The combined salaries of these stars take millions out of the industry and millions out of the box office. We are not against the star system, mind you, but we don't think it should dominate the production of pictures. We want the Myrna Loys and Gary Coopers and Sonja Henies, but we want them when we get value, not when they drive people away from the box office. And here we meet up with a situation where the exhibitors suffer for the producers' mistakes. Producers know the stars who attract business because there are few producers who do not have theatre affiliates, and those who do not just have to read their percentage contracts to find out which stars bring in the shekels. Yet, so afraid are the studios of losing a star, they tie them up for many years with the result that stars continue to receive top salaries far after their box office rating slides. Kay Francis, for instance, is still receiving many thousands a week from Warners on an old contract. Yet so poor is her draw, she is now making 'B' pictures. Paramount showed cleverness and consideration for exhibitors by buying off Dietrich's contract, which called for one more picture. Dietrich, too, is poison at the box office.

There is no doubt but that stars draw business and when they do they are worth every cent they get. When they do not it is unfair to the industry at large and especially the exhibitor for a studio to continue paying them top salaries and putting them in top bracket pictures. From recent producer statements, it would seem they are just about getting around to that idea. The success of the Jones Family pictures, the Mr. Motos and the Charlie Chans, as well as the Judge Hardy pictures and others is a straw in the wind. Producers are now, or soon will be, concentrating on the making of good pictures, not merely surrounding a $5,000-a-week star with any sort of vehicle.

Sound judgment and good business sense are valuable assets in an industry that is far from being an art.
— Independent Theatre Owners Association

== Response ==
Articles appeared in many US newspapers chronicling the uproar in Hollywood after the association published the ad. Time magazine later that May published responses from some of the stars:

But a few of the stars themselves had ready answers. Actress Hepburn last week terminated the RKO Radio contract that had brought her from $75,000 to $100,000 a picture and was considering five better offers "They say I'm a has-been," scoffed she. "If I weren't laughing so hard, I might cry." Joan Crawford had just signed a new five-year contract with Metro-Goldwyn-Mayer at a figure reported to be $1,500,000. "Box-office poison?" chirruped Actress Crawford.

In Boston, maligned Mae West was breakfasting in bed. "Why. the independent theatre owners call me the mortgage-lifter." she burbled. "When business is bad they just re-run one of my pictures. ... The box-office business in the entire industry has dropped off 30%. ... The only picture to make real money was Snow White and the Seven Dwarfs, and that would have made twice as much if they'd had me play Snow White."

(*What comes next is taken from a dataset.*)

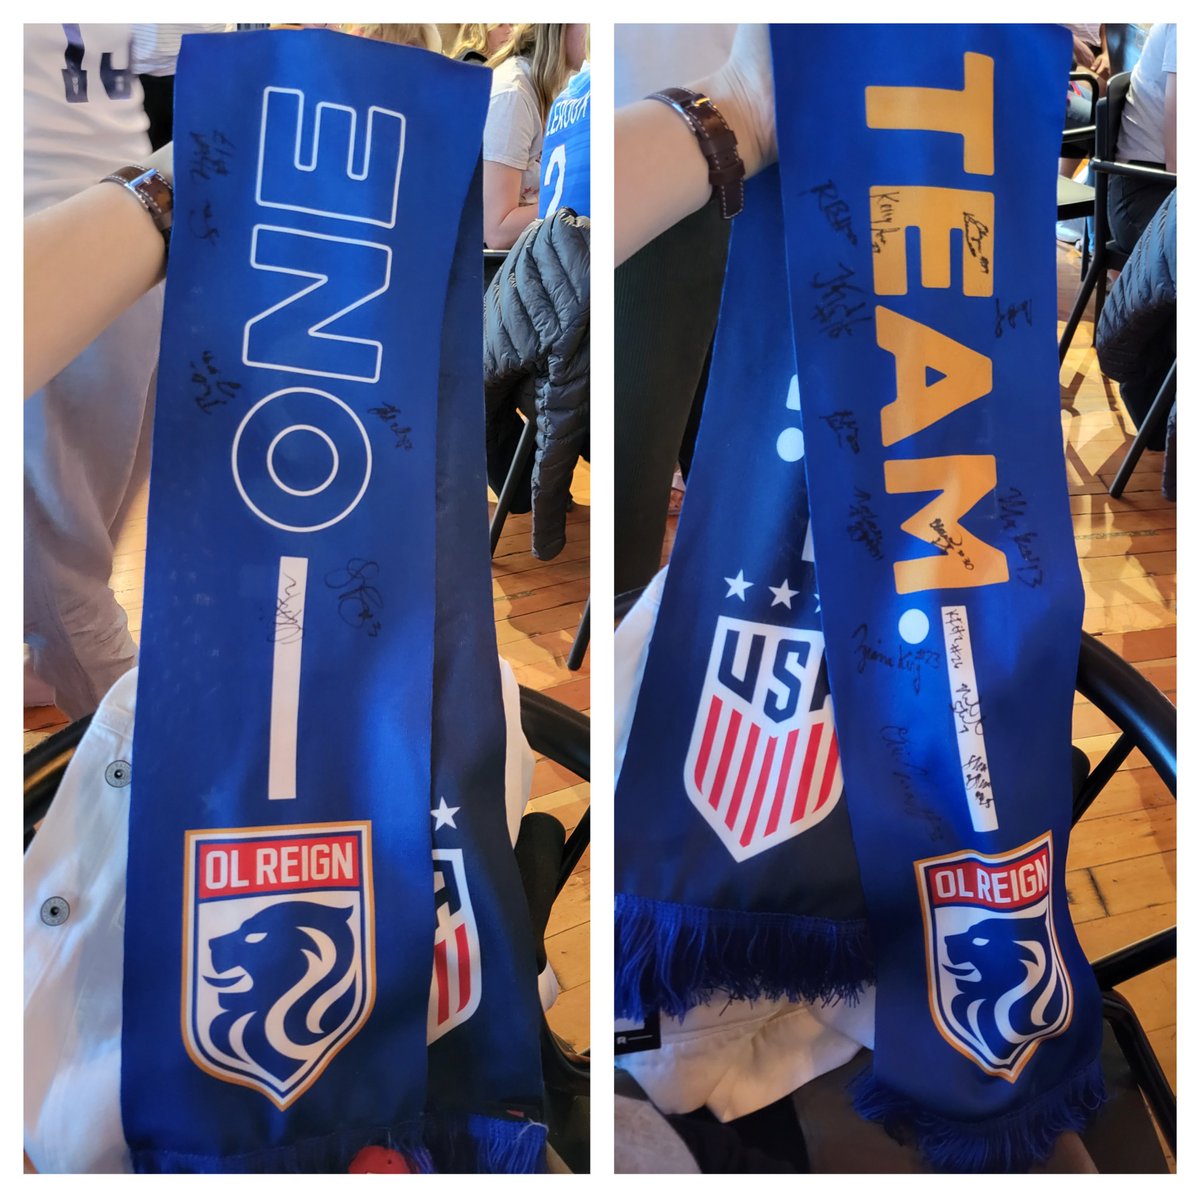 My scarf signed by OL Reign players! At Rough & Tumble cheering on #USWNT during #USANED #FIFAWWC

Louella Parsons included a mention of the Brandt ad in her 1938 New Year's Eve summation of the year in entertainment. When Hepburn's The Philadelphia Story opened at Radio City Music Hall to large crowds in December 1940, Brandt sent a telegram to Katharine Hepburn that stated "Come on back, Katie. All is forgiven."

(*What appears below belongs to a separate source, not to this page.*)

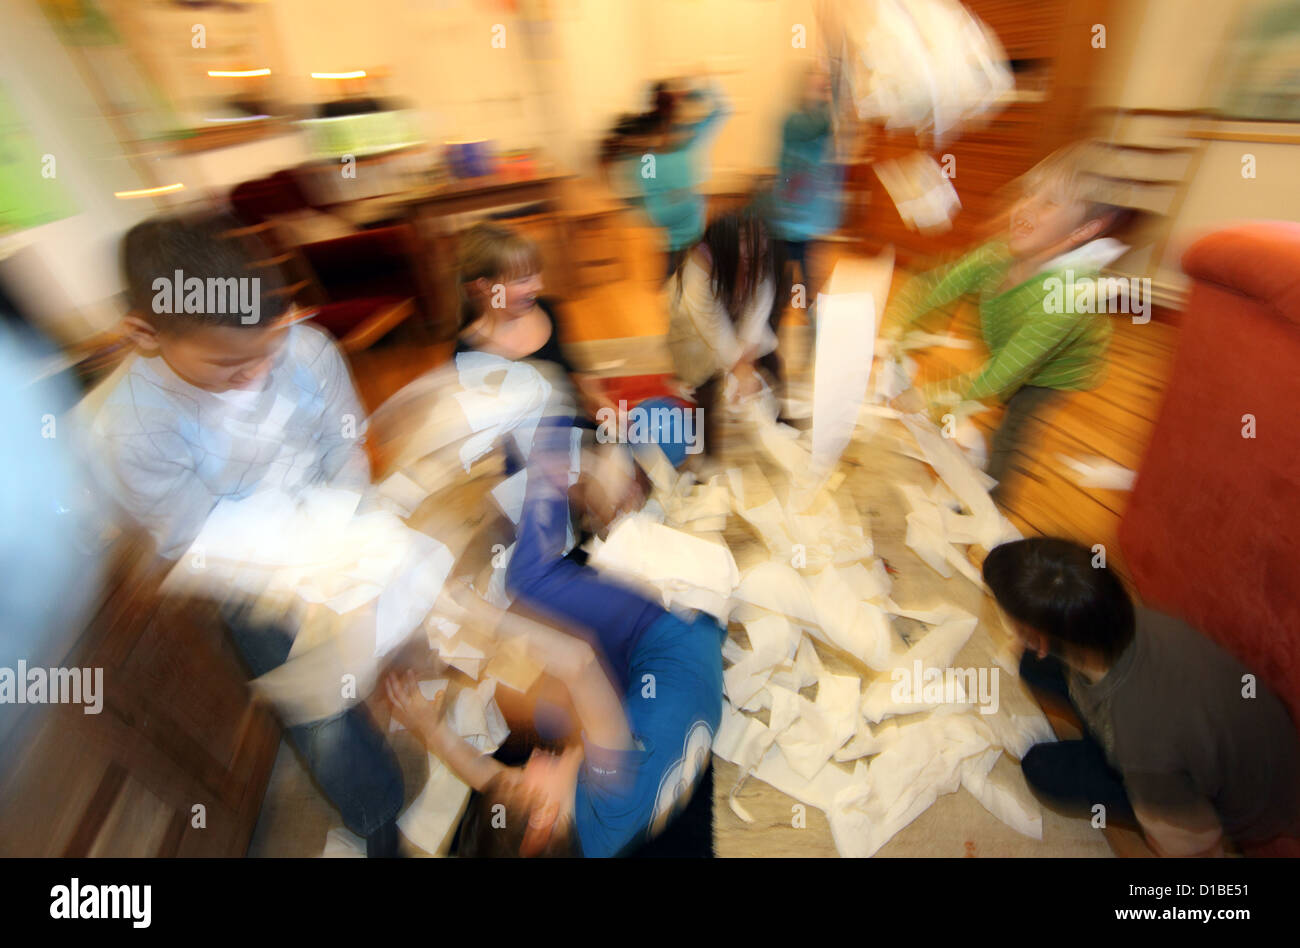 Berlin, Germany, kids throwing paper in the air Stock Photo

Harry Brandt made other public demands of film studios.

==Legacy==
The term "box office poison" continues in use in magazine articles and opinion pieces. Over the years, several more "Box Office Poison" lists have been submitted in newspapers, in magazines, or more recently, online. In 1949, Mary Armitage's Film Close-Ups newspaper labeled many stars as "poison" at the box office, among them Sylvia Sidney, James Cagney, Henry Fonda, Ingrid Bergman, Jennifer Jones, John Hodiak, and two actresses that in 1938 were said to have "deserved" their salaries, Bette Davis and Shirley Temple. A BBC article about Hepburn and The Philadelphia Story, written in 2021, still refers to her being labeled in 1938 by Brandt as "box office poison". Brandt's 1972 obituary in The New York Times did not mention his involvement in the creation of the term.

Music artist Snax has been producing under the moniker Box Office Poison since 2015. The musical genre is house and disco/pop produced by Snax and features guest vocalists.